→ **Material provided**
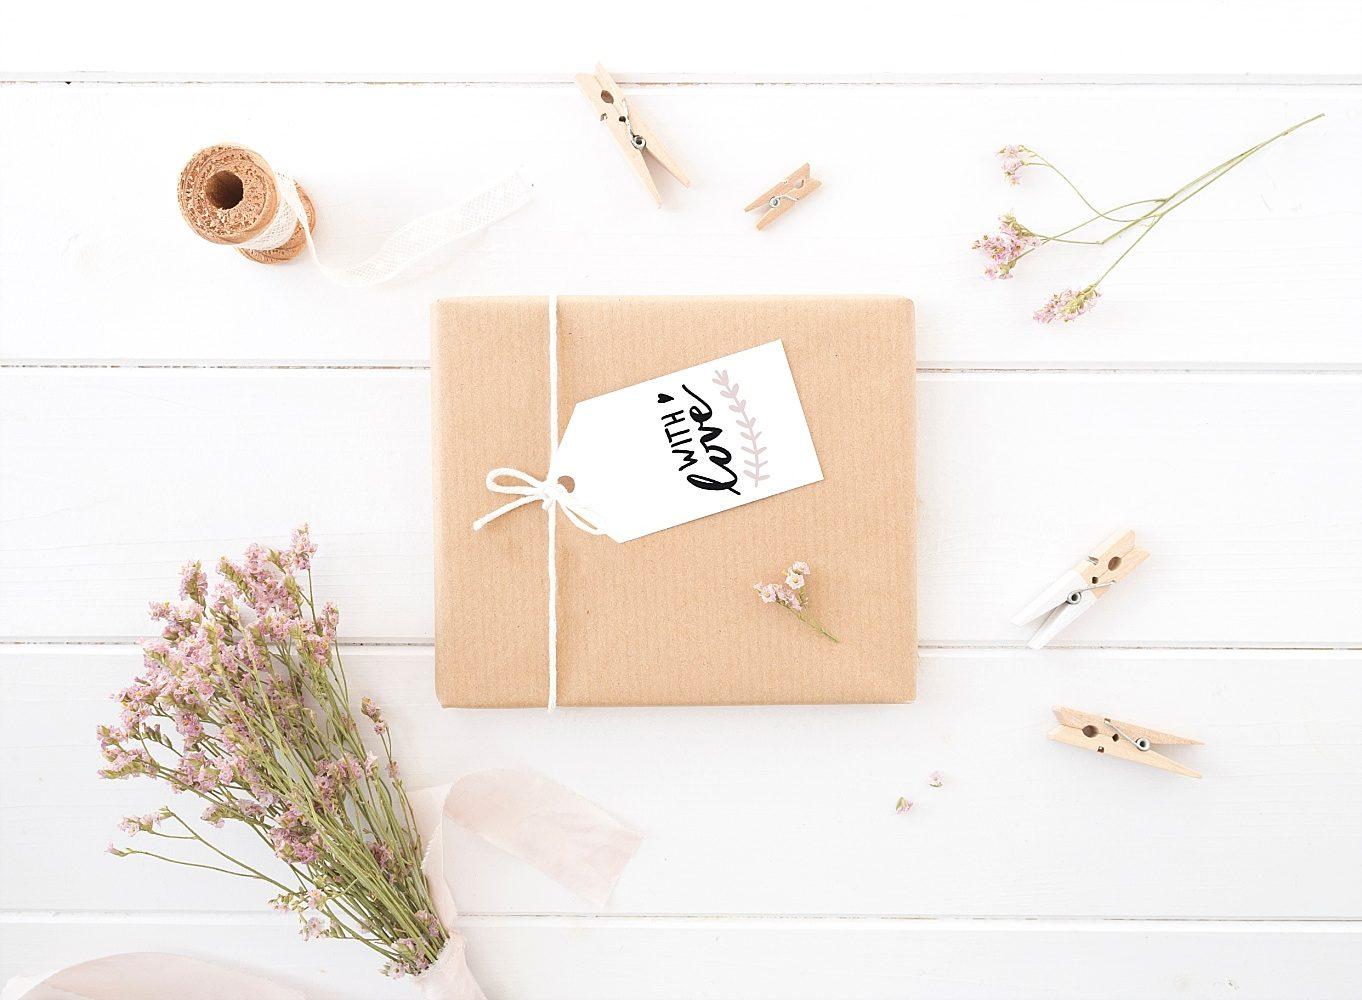 Und heute gibt es zu diesem anlass noch eine besondere überraschung für euch einen freebie mit geschenkanhängern von lena marieke design für euch zum
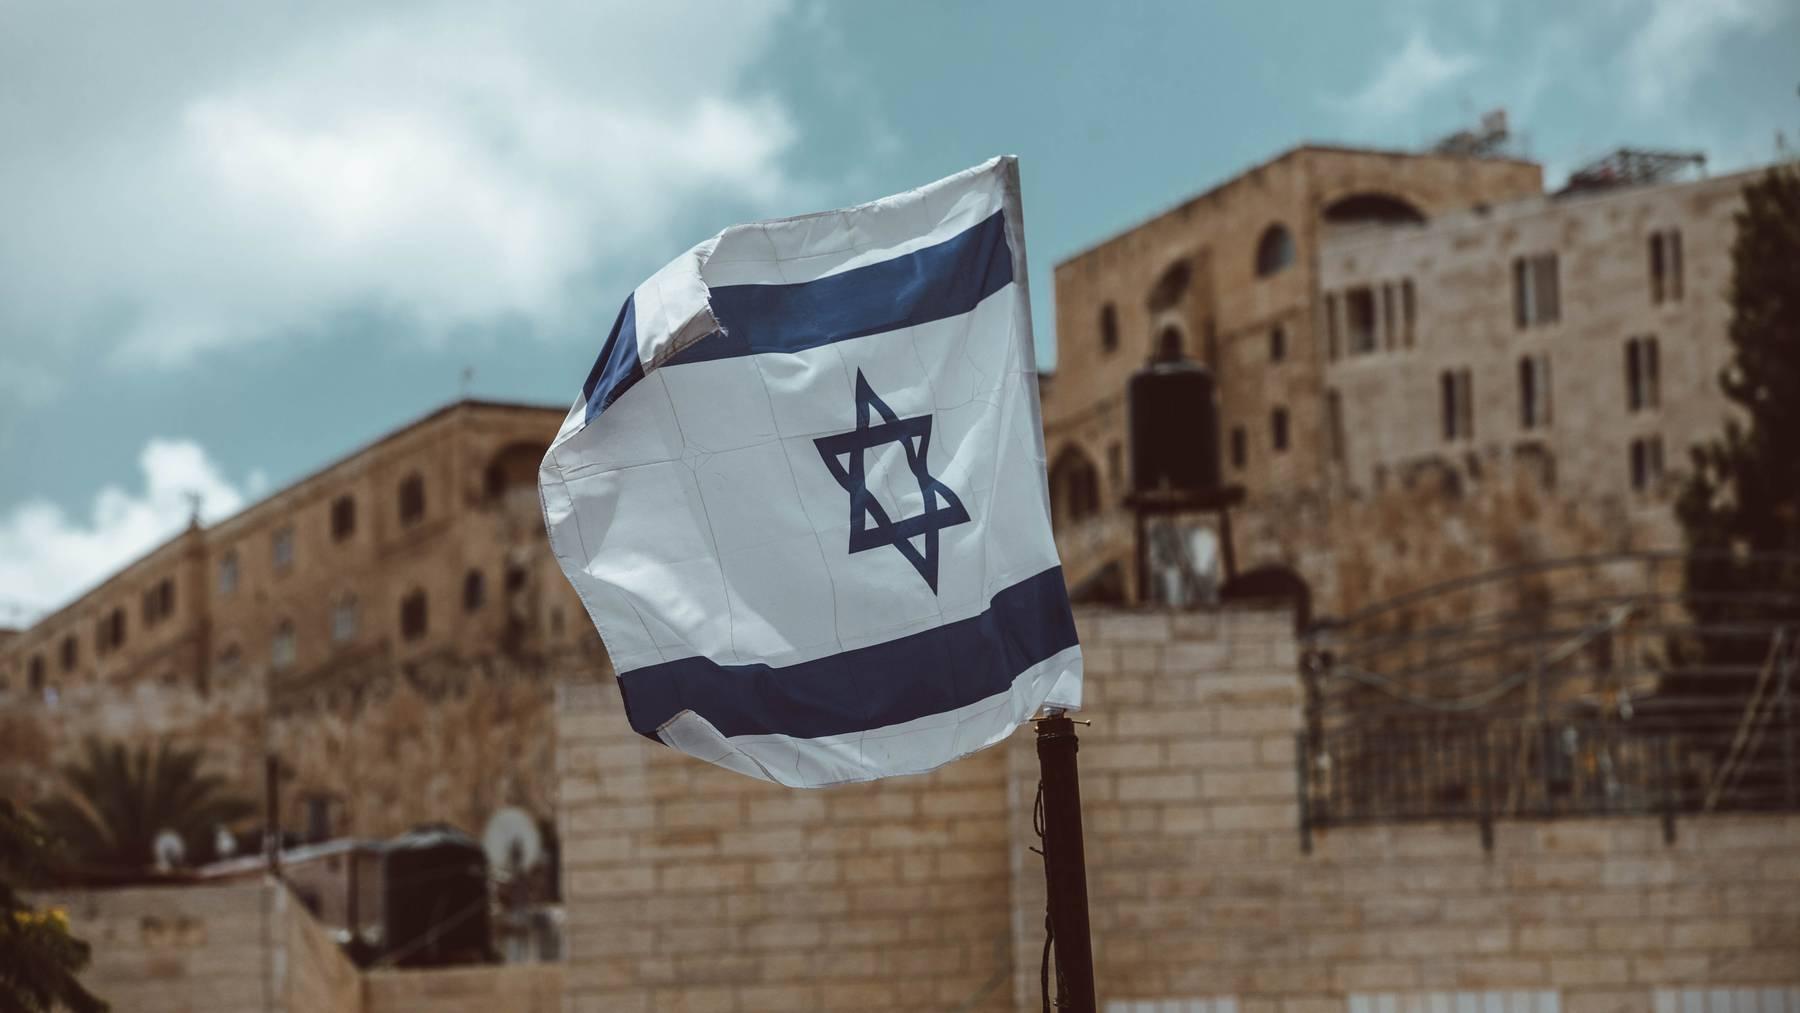 Israel unsplash.com
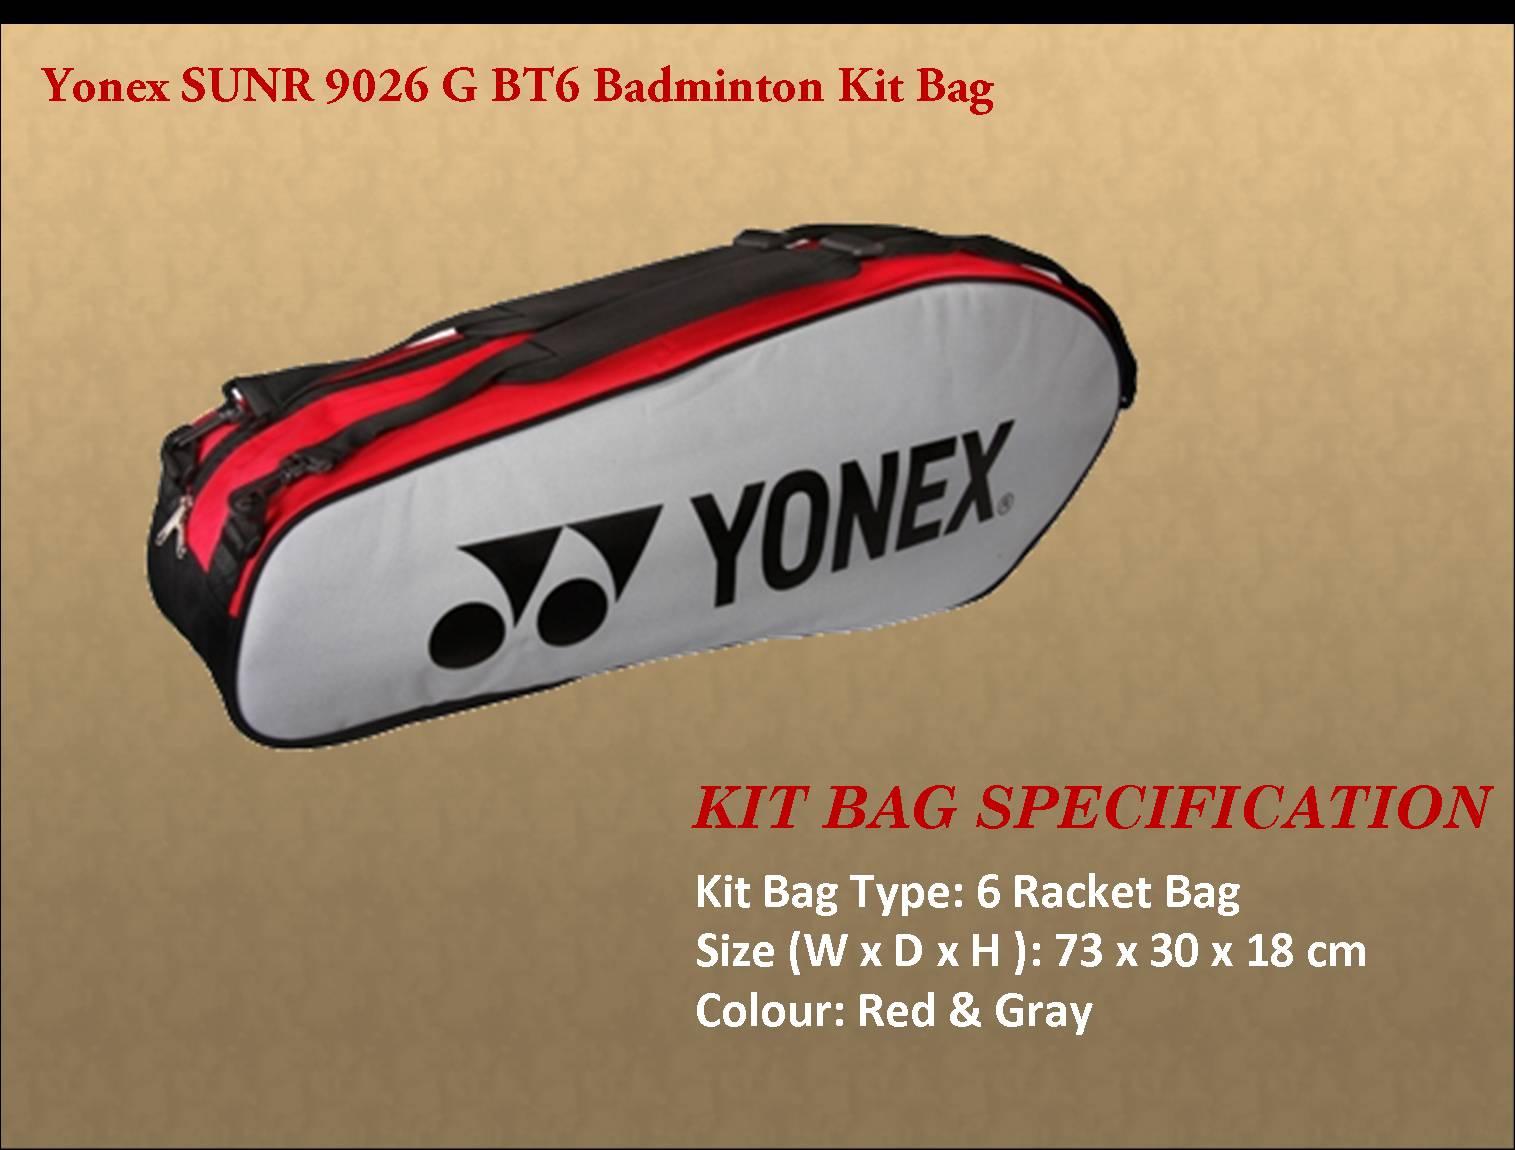 Yonex SUNR 9026 G BT6 Badminton Kit Bag

→ **Required work**
An exact, word-for-word version of the material is required, free of pictures.

→ **Written response**
 Und heute gibt es zu diesem anlass noch eine besondere überraschung für euch einen freebie mit geschenkanhängern von lena marieke design für euch zum
 Israel unsplash.com
 Yonex SUNR 9026 G BT6 Badminton Kit Bag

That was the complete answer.